Could it be just a major part of the Wintel market?
After all, if Apple is seeing 40% growth in both desktops and laptops, their desktop offerings must not be as poor as is claimed by some? Especially since Apple's strongest retail growth is in machines that cost more then $2000 - a retail market they currently control two-thirds of?
A common argument is that Apple must offer a mid-tower because Windows users predominately have mid-tower models and therefore Apple must have one too in order to appeal to them to switch.
And yet what is the model Apple created specifically to attract Windows users? The Mac Mini. And Apple has done very little to it since they created it. About the only product Apple gets more stick about then the mid-tower is the Mini. A large number of Windows mid-tower owners evidently seem to want to use the Mini to become introduced to OS X and the entire Apple experience, even though it's small and it cannot be expanded. All they want is something newer then technology that wasn't cutting edge 24 months ago inside of it.
Even in the Wintel world, mid-towers are starting to fall by the wayside - especially amongst corporate customers. More and more companies are moving to small form factor PCs because they take up less space, draw less power and more then meet the needs of their users. Even retail Wintel boxes are getting progressively smaller over time. I travel a good bit for work and all my suppliers (and these are big companies with thousands of desktops) are all either using SFF machines or are replacing their towers with SFF machines to a very heavy extent.
The biggest market going forward for mid-towers will be the enthusiast market who either build them themselves or want them for very narrowly-focused purposes - like gaming or media center rigs. Those who build it themselves do so for both the challenge and the labor savings, so an Apple mid-tower would not appeal to them since Apple builds it for them and therefore no labor savings can be obtained. And those who want a gaming or media-center rig will be disappointed both by the lack of high-performance gaming cards available and Apple's desire to serve media content from the web - not a big box of disks in the closet.

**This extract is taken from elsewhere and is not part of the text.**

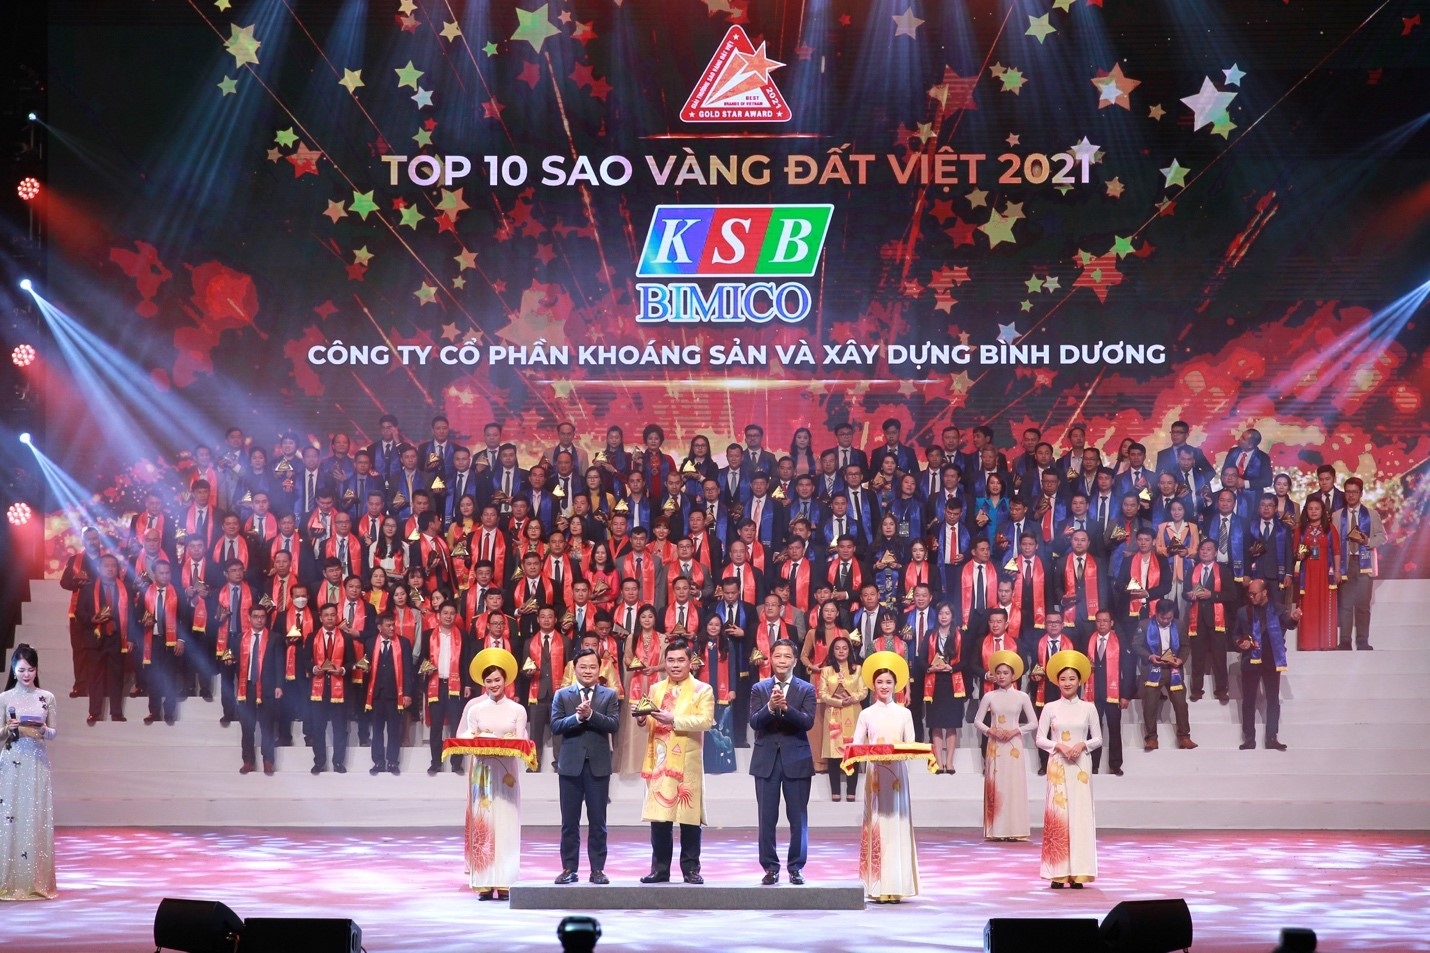 KSB được vinh danh tốp 10 Sao Vàng đất Việt năm 2021 nhờ chiến lược bền vững

If Apple is seeing 40% growth in its desktop products, that doesn't mean the offerings aren't bad. There could be bigger growth figures if Apple directly appealed to its switchers with a MID.
The small computers businesses are migrating to are often thin-clients. Yes, I know this isn't the 90s, but thin clients are still becoming more popular. This is due to more applications being web-based, and businesses centralising processing. So you could have a cheap client with a powerful server, and use terminal services to use the server's power remotely.
Power consumption isn't a major concern. The biggest savings would be in changing their air-conditioned servers. Those things take massive amounts of power, are often on 24/7, and require large amounts of energy just to cool them down.
The Mac Mini is a poor offering and doesn't generate many sales. That's the reason Apple haven't updated it. There's no reason to - not because it isn't selling well, but because it's a product with no clear target market, and refreshing it wouldn't help change that. Families don't buy small macs to experiment with them. When they buy a new computer, they buy something they're going to keep. It's also psychological - the mini is so small, people don't believe it'll give them the performance they need. They don't know it's way powerful enough to browse the web and make home movies. They've been told for years by Dell that the towers are necessary for performance. Bigger = better. It's not correct, but that's what lots of people believe.
Apple work by providing limited functionality, but doing whatever they do implement really well. Microsoft do the opposite - they try and do everything, and end up not being very good at doing anything. People are used to Microsoft's way of doing things. It's a huge mentality shift. It's the reason people don't like Apple products that can't open up, even though they've never tried to do it with their PC. You can't sell an MS-Mentality person the idea that they don't have the option to do something they won't do anyway. They're used to lots of options.
The mentality shift is one of the reasons Apple products have a 'halo effect'. As people use the iPod and iPhone, they like the product's focus on quality, and realise the lack of options isn't a problem. A MID would help bridge the gap even further.